▸ **Provided data**
★ ★ ★ ★ ★ ★ ★

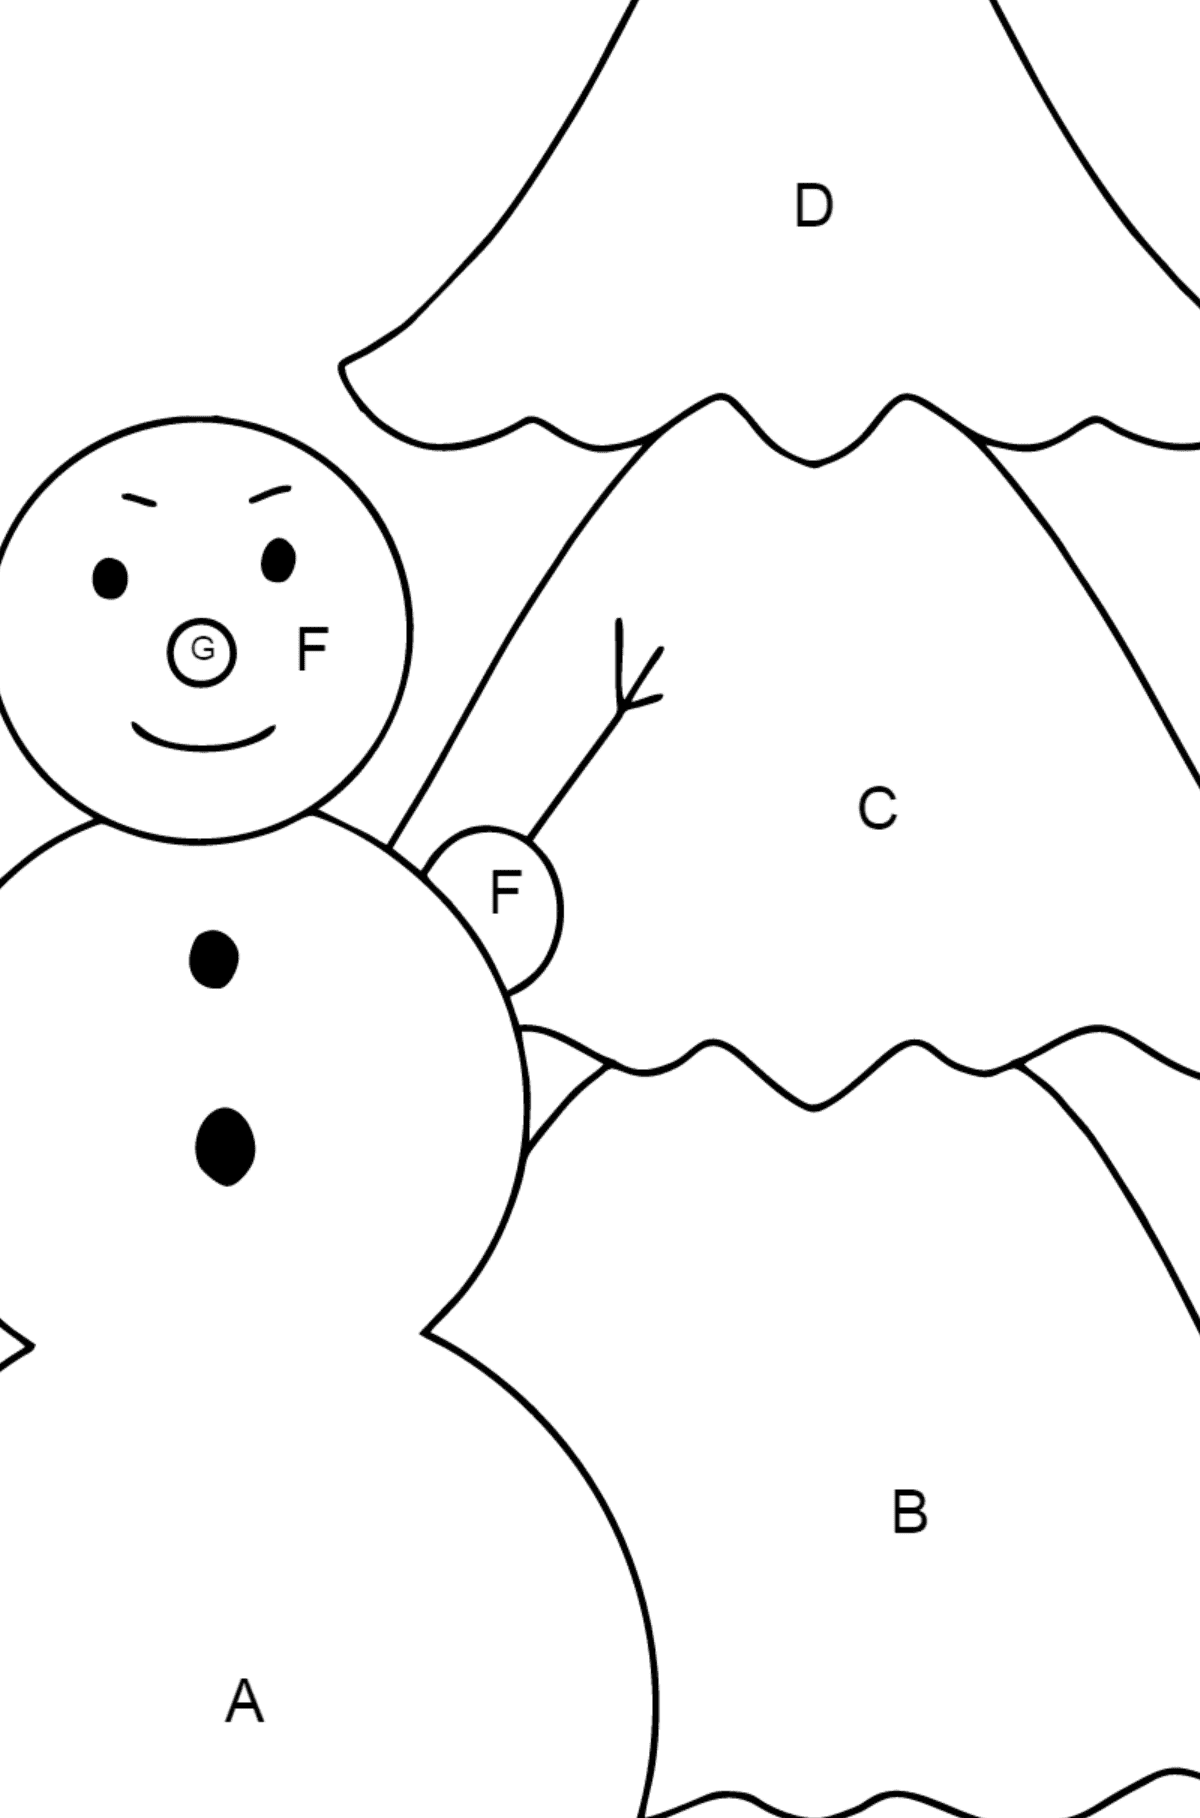 Ausmalbild: Schneemann und Weihnachtsbaum - Ausmalen nach Buchstaben für Kinder
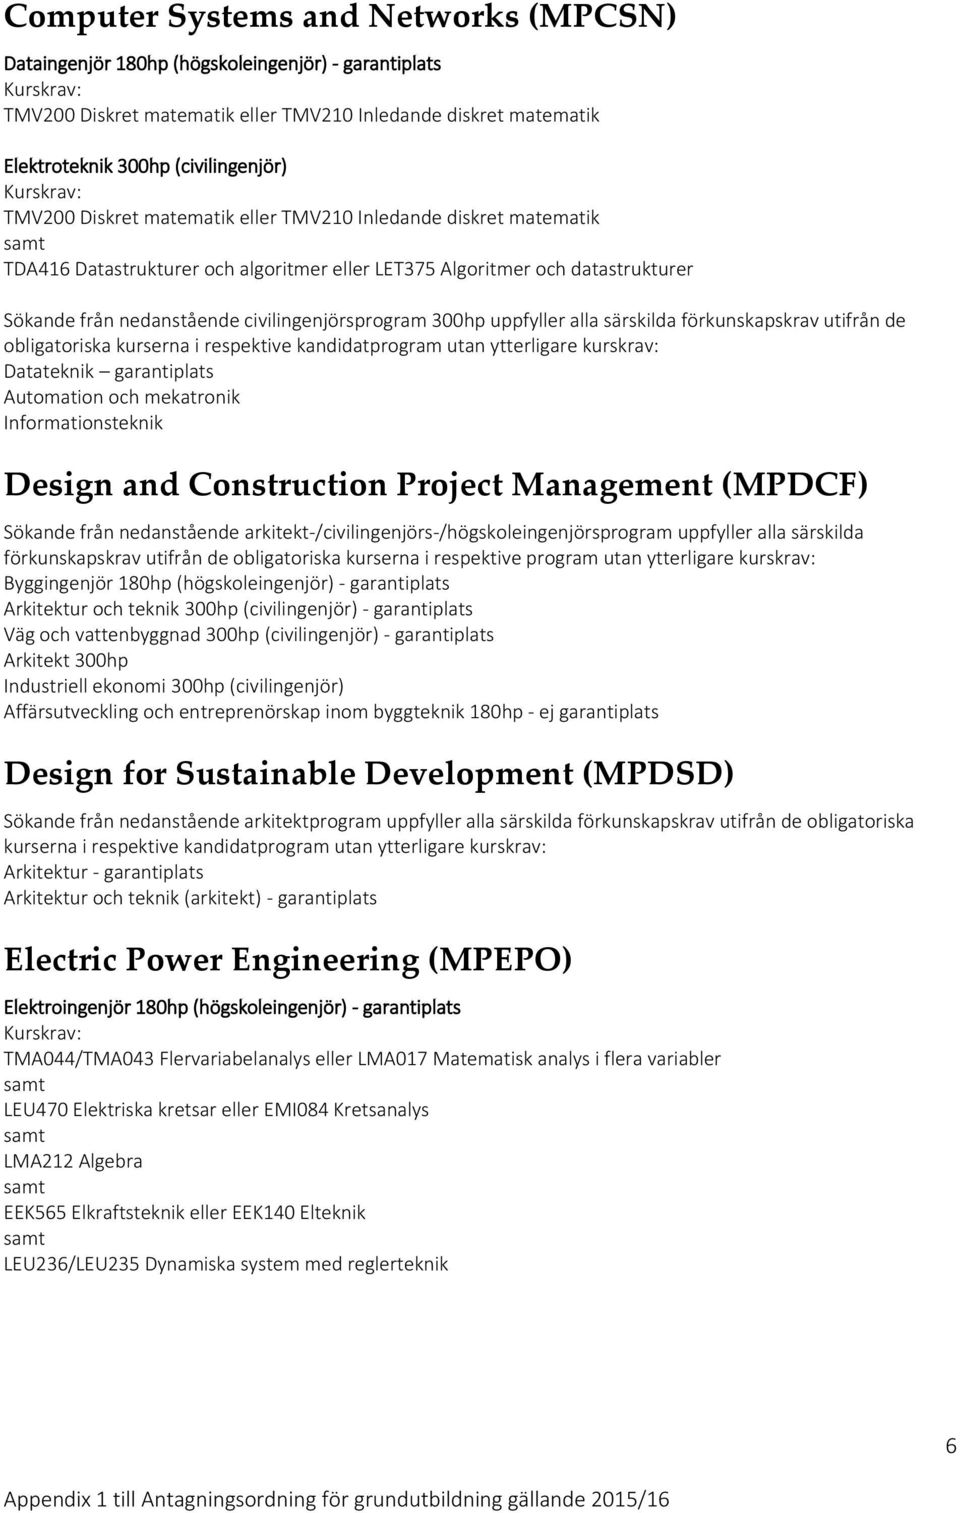 Informationsteknik Design and Construction Project Management (MPDCF) Sökande från nedanstående arkitekt-/civilingenjörs-/högskoleingenjörsprogram uppfyller alla särskilda förkunskapskrav utifrån de
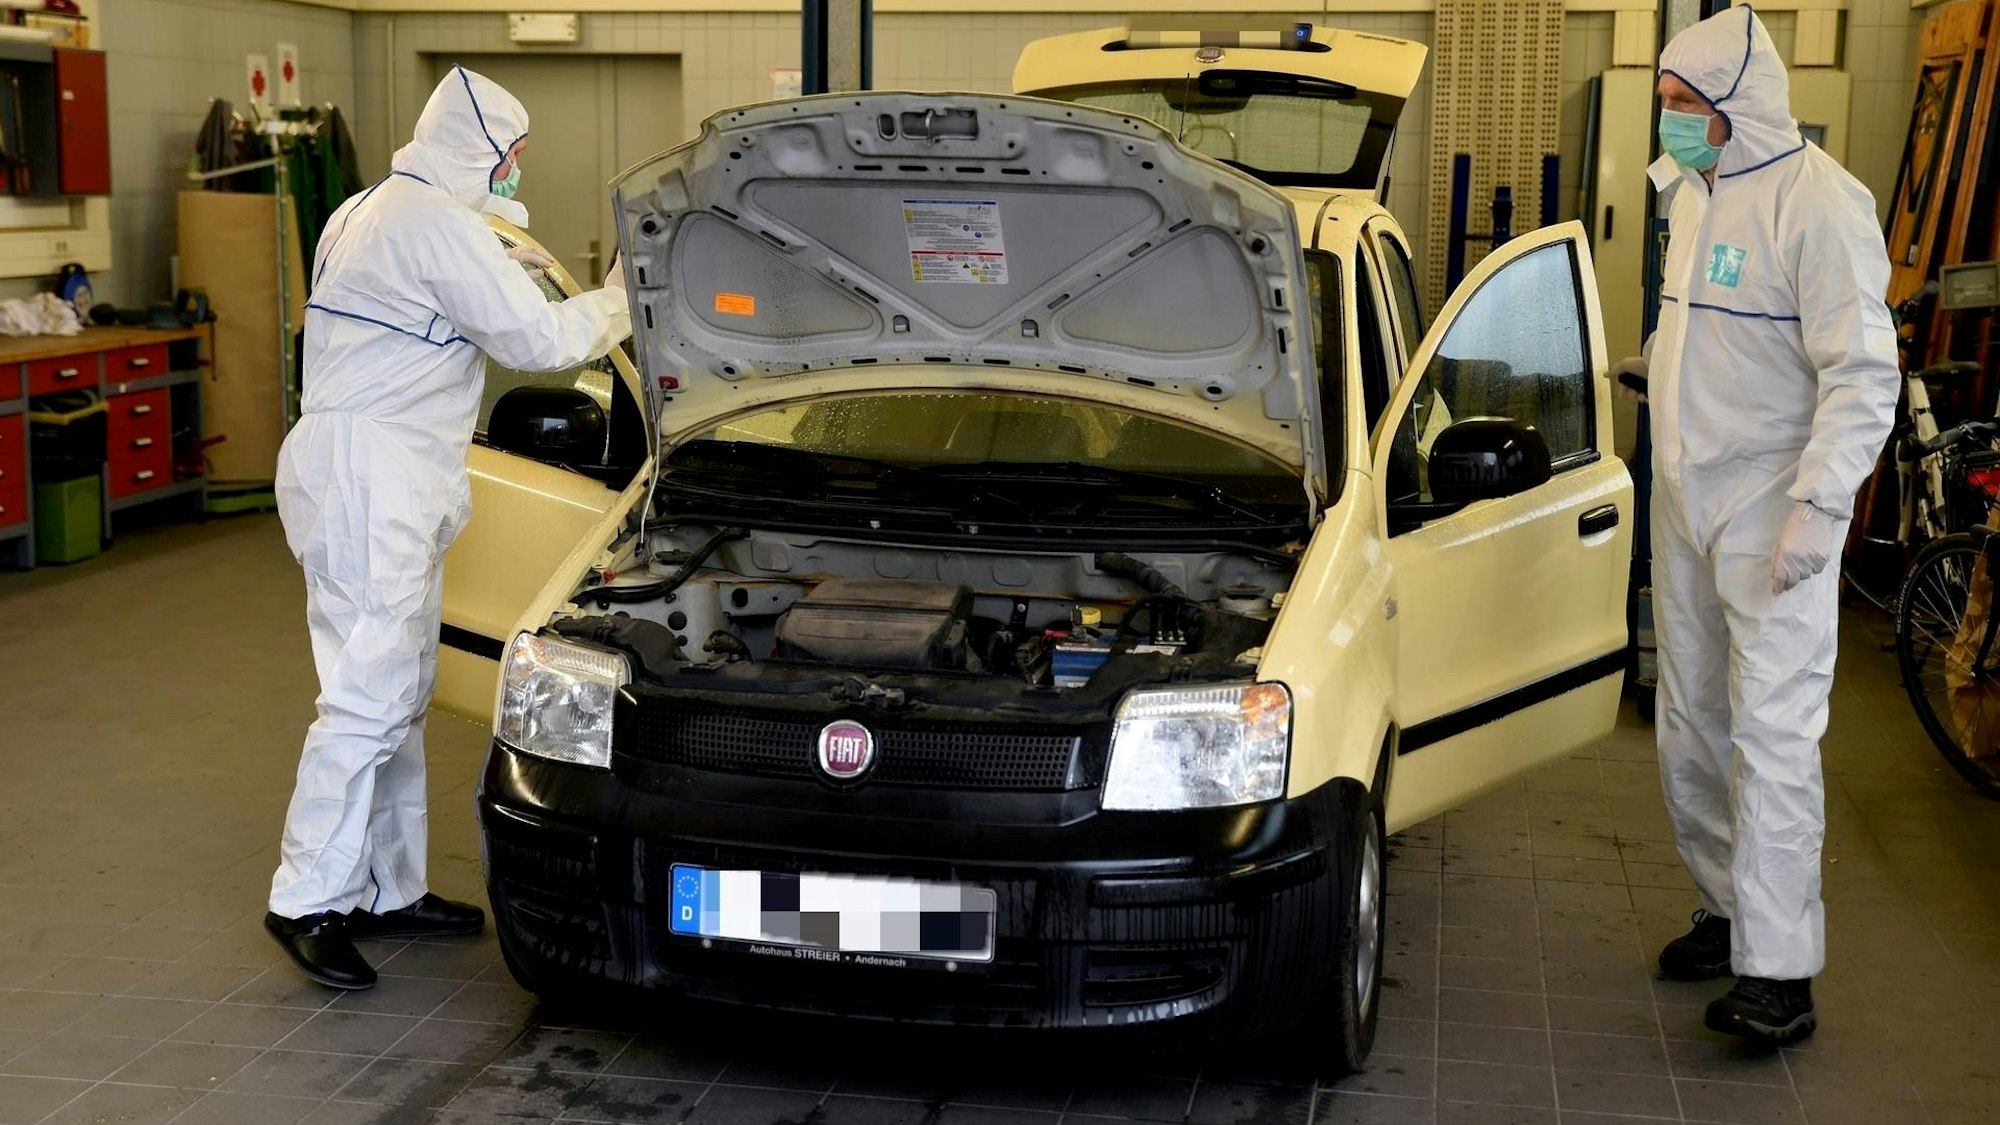 Beamte der Spurensicherung untersuchen den Fiat Panda, in dem eine Frau erschossen wurde.

★ ★ ★ ★ ★ ★ ★

▸ **Exercise directions**
Pictures stay out. Print the data exactly, from its first line through the line containing "Informationsteknik Design and".

▸ **Result of this task**
 Ausmalbild: Schneemann und Weihnachtsbaum - Ausmalen nach Buchstaben für Kinder
 Informationsteknik Design and Construction Project Management (MPDCF) Sökande från nedanstående arkitekt-/civilingenjörs-/högskoleingenjörsprogram uppfyller alla särskilda förkunskapskrav utifrån de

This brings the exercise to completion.